> **Records shown**
____

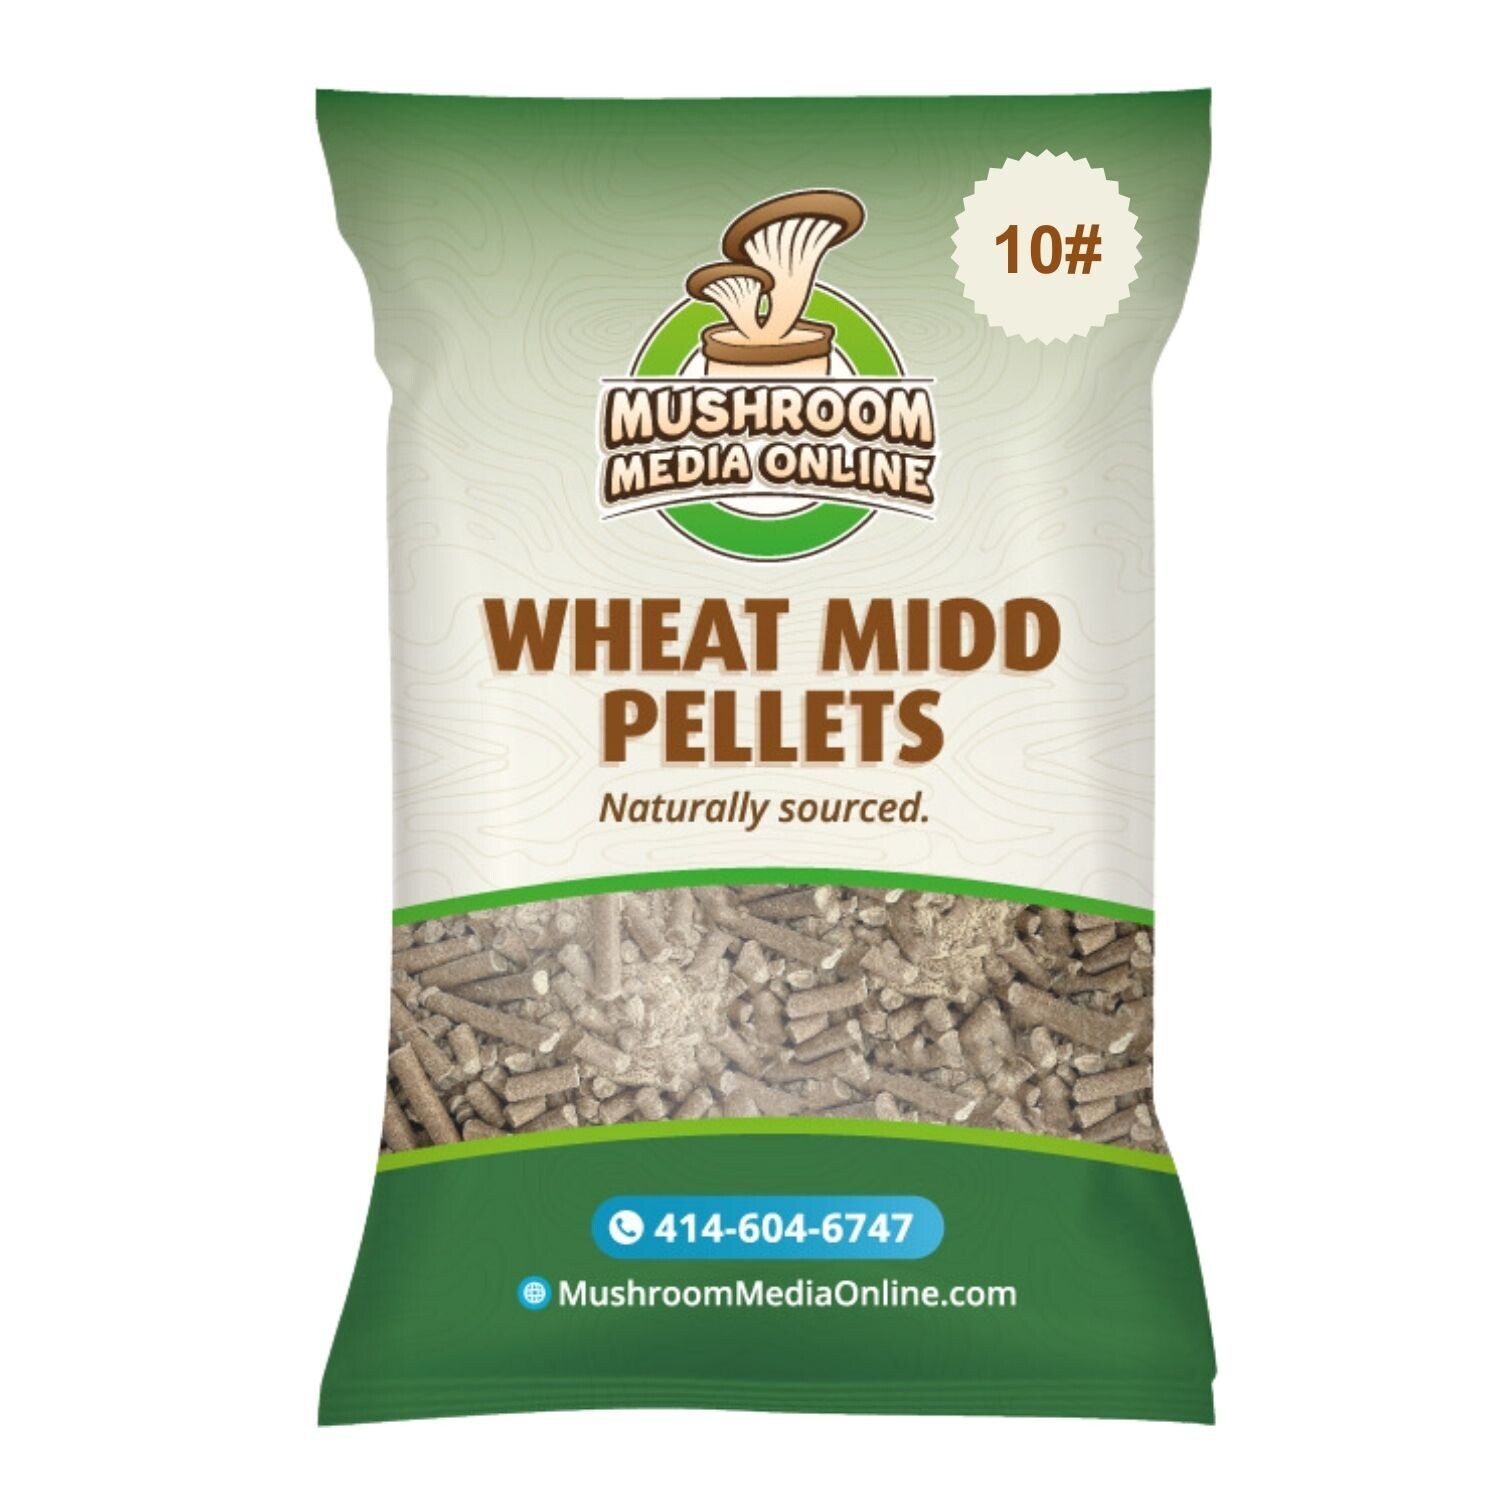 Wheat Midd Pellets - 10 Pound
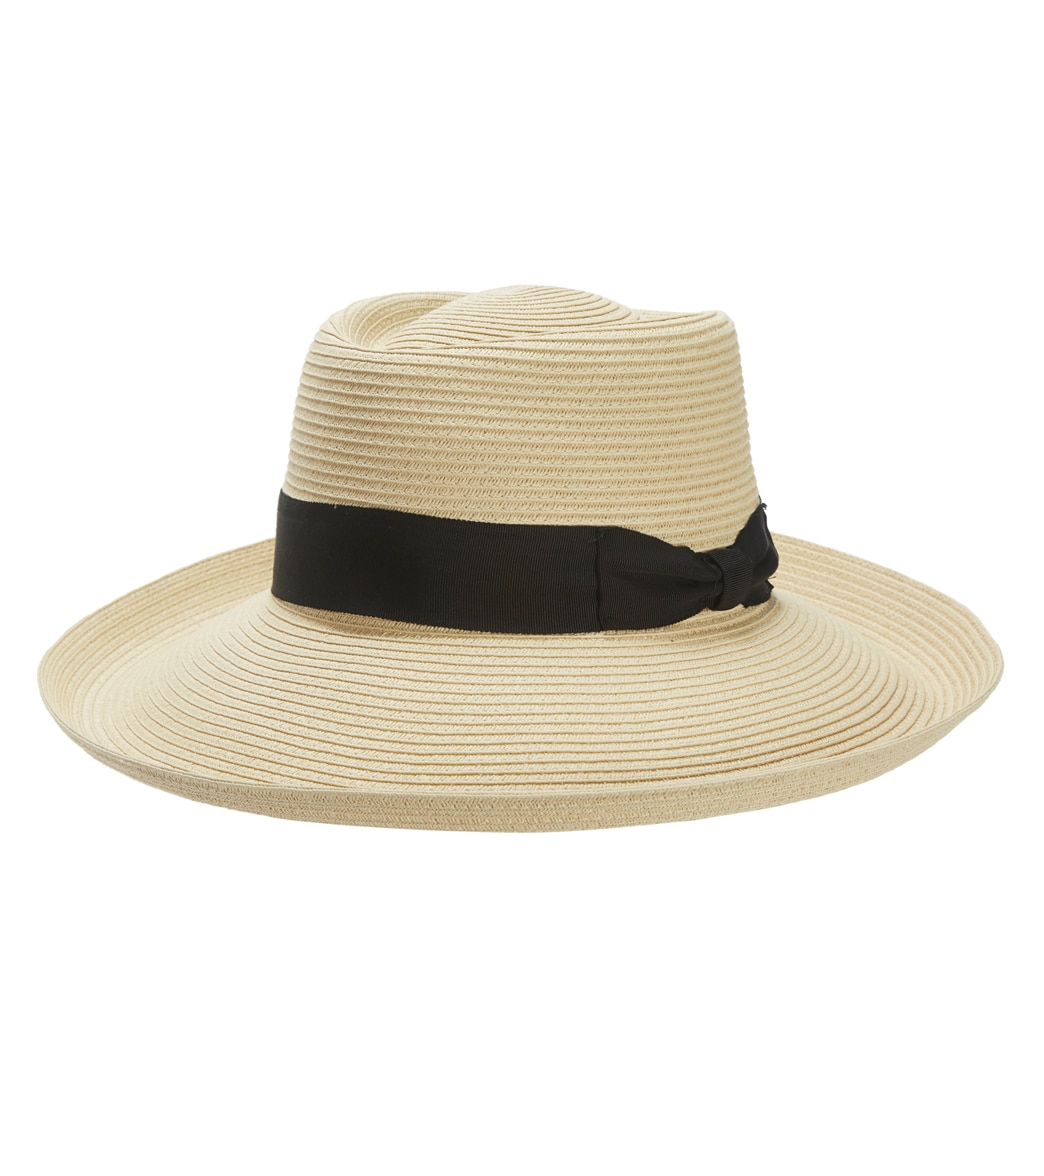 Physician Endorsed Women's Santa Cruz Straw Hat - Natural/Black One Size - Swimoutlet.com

____

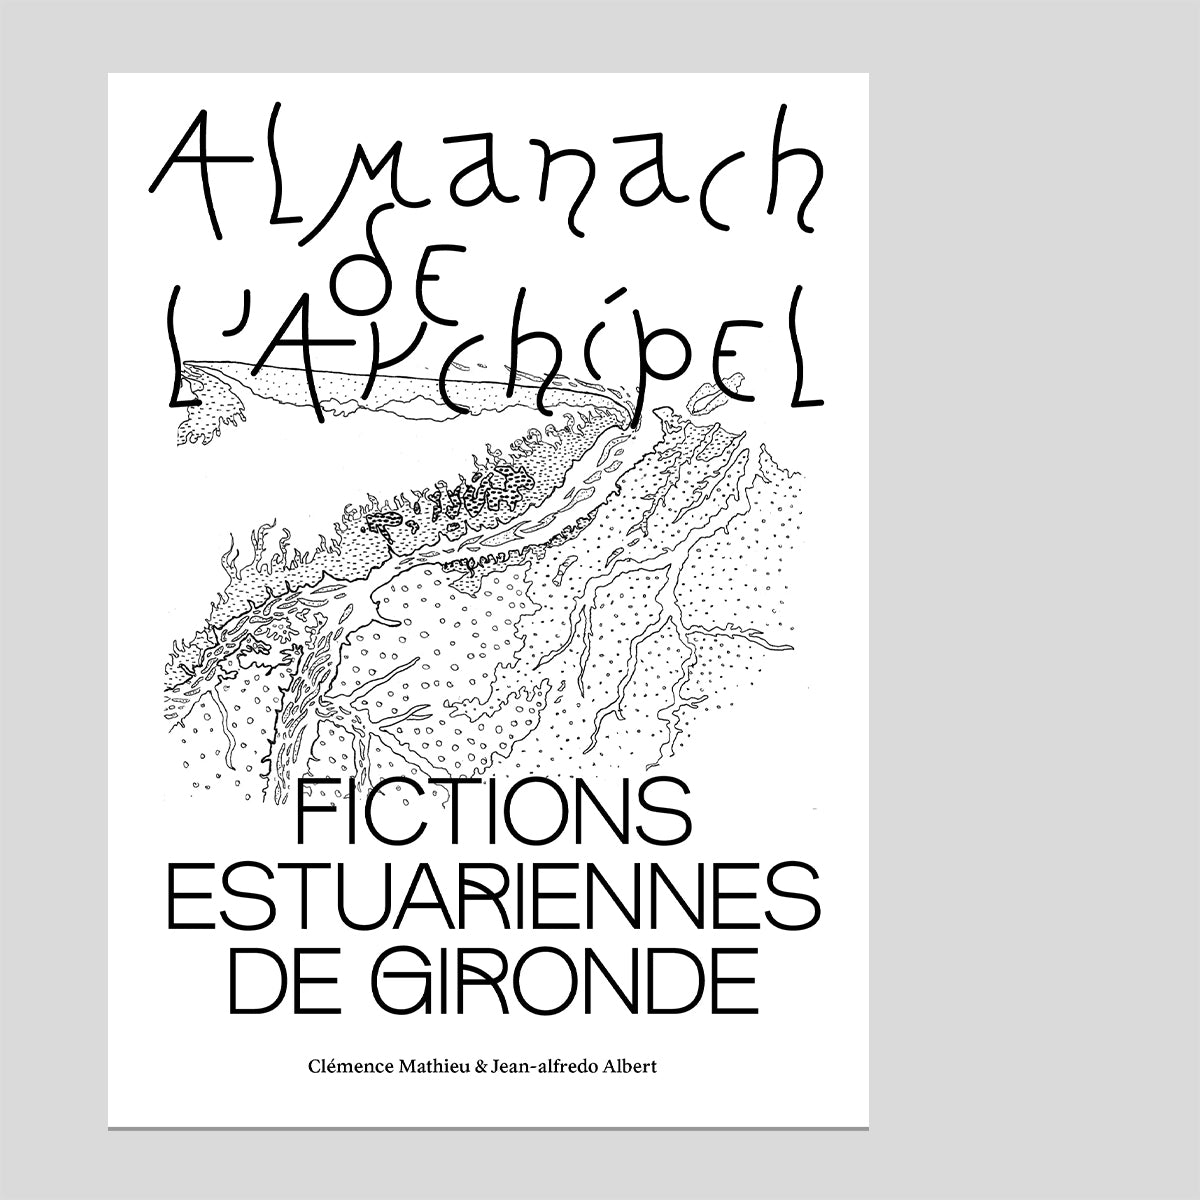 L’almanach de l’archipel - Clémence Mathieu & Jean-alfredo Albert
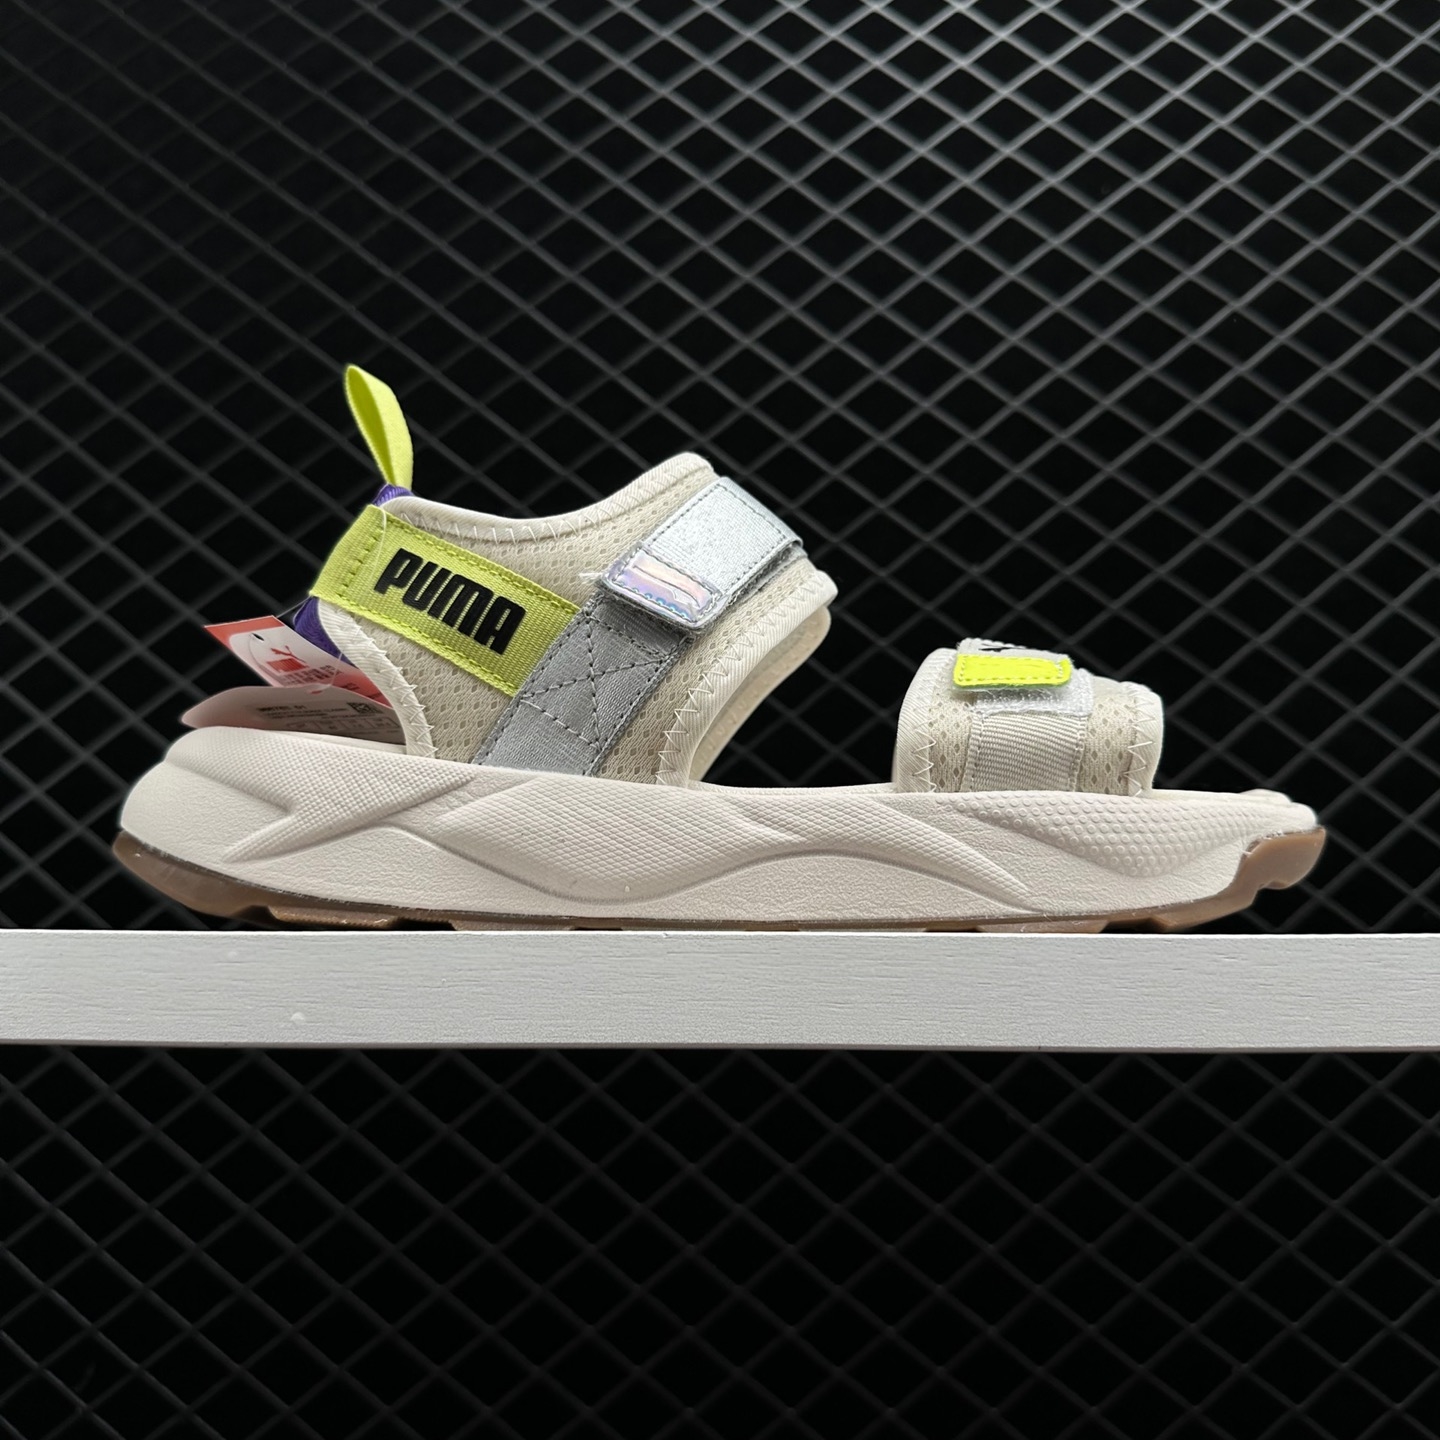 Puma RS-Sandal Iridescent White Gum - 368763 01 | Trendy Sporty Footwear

____

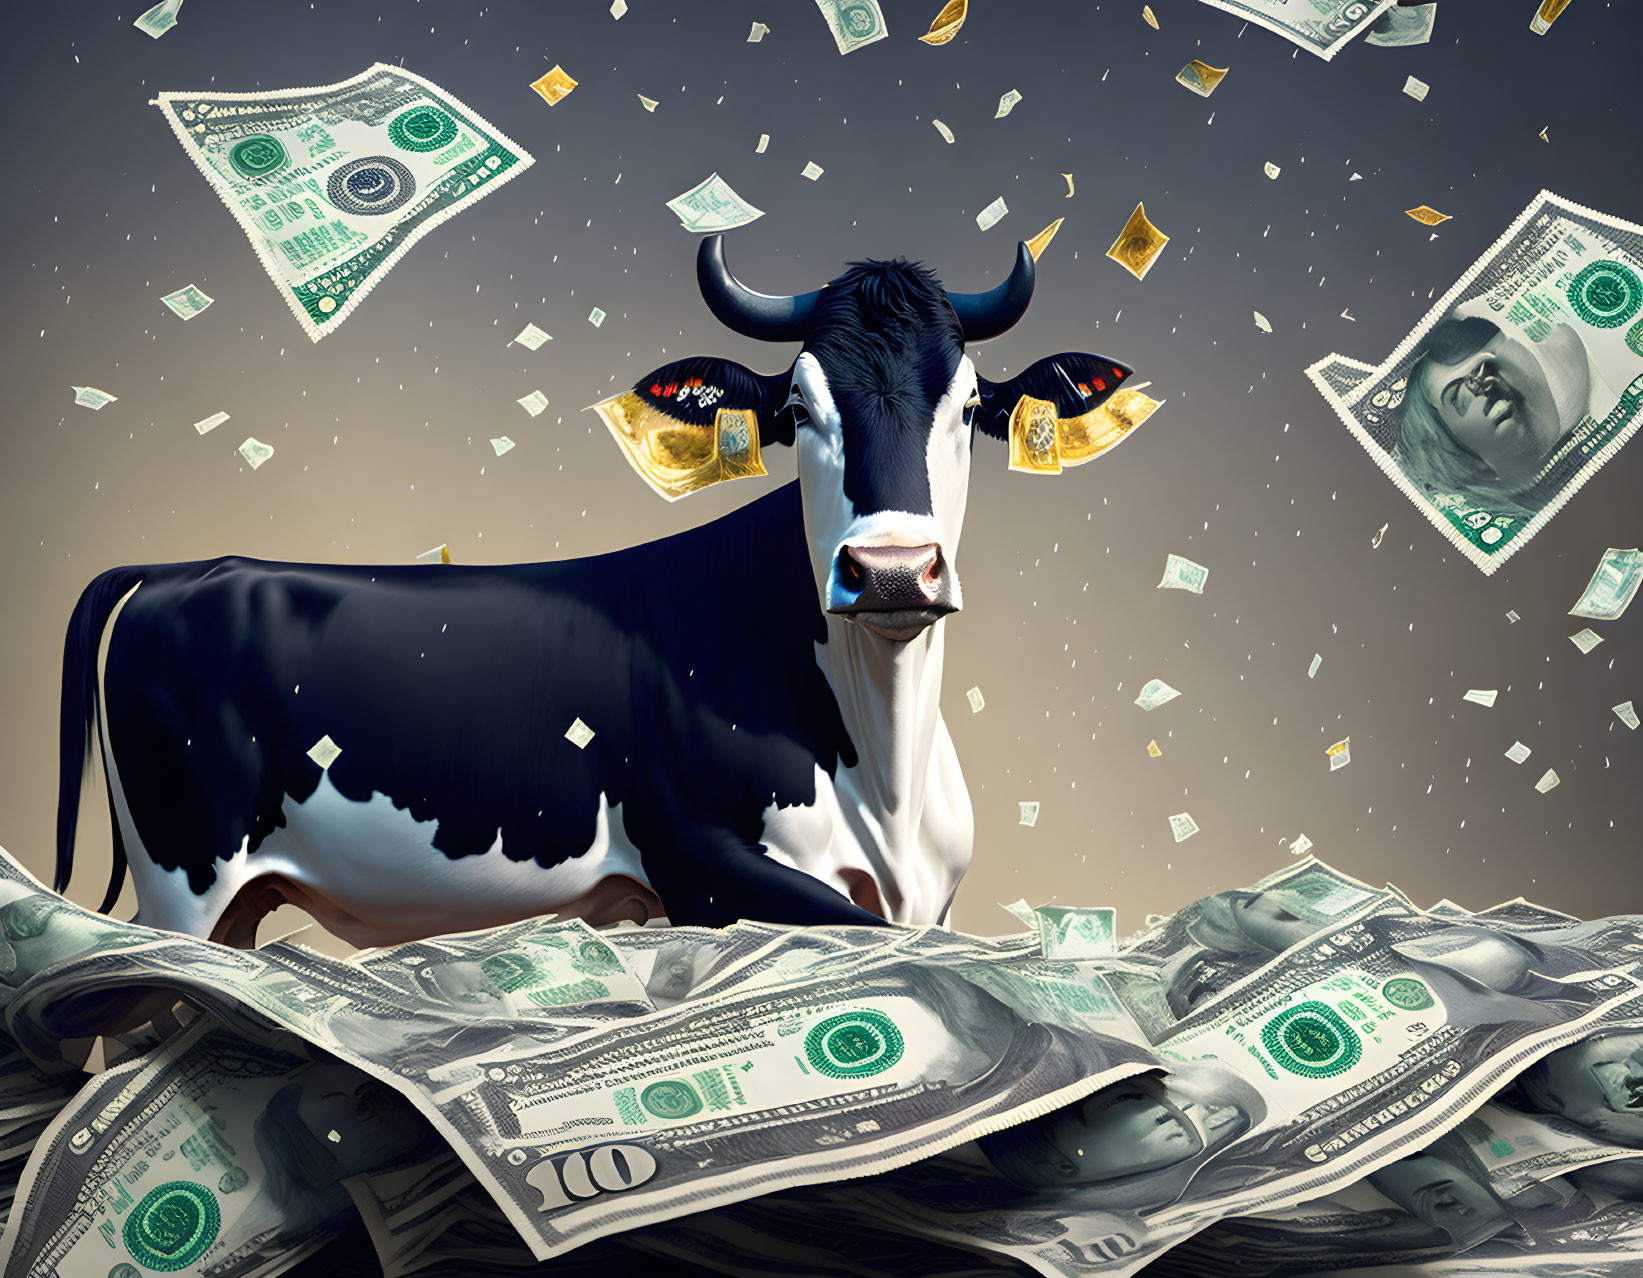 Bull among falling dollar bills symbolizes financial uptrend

____

> **Your goal**
Please copy the lines above exactly, starting at the line that holds "L’almanach de l’archipel" and ending at the line that holds "Puma RS-Sandal Iridescent"; include both, but no pictures.

> **Response box**
 L’almanach de l’archipel - Clémence Mathieu & Jean-alfredo Albert
 Puma RS-Sandal Iridescent White Gum - 368763 01 | Trendy Sporty Footwear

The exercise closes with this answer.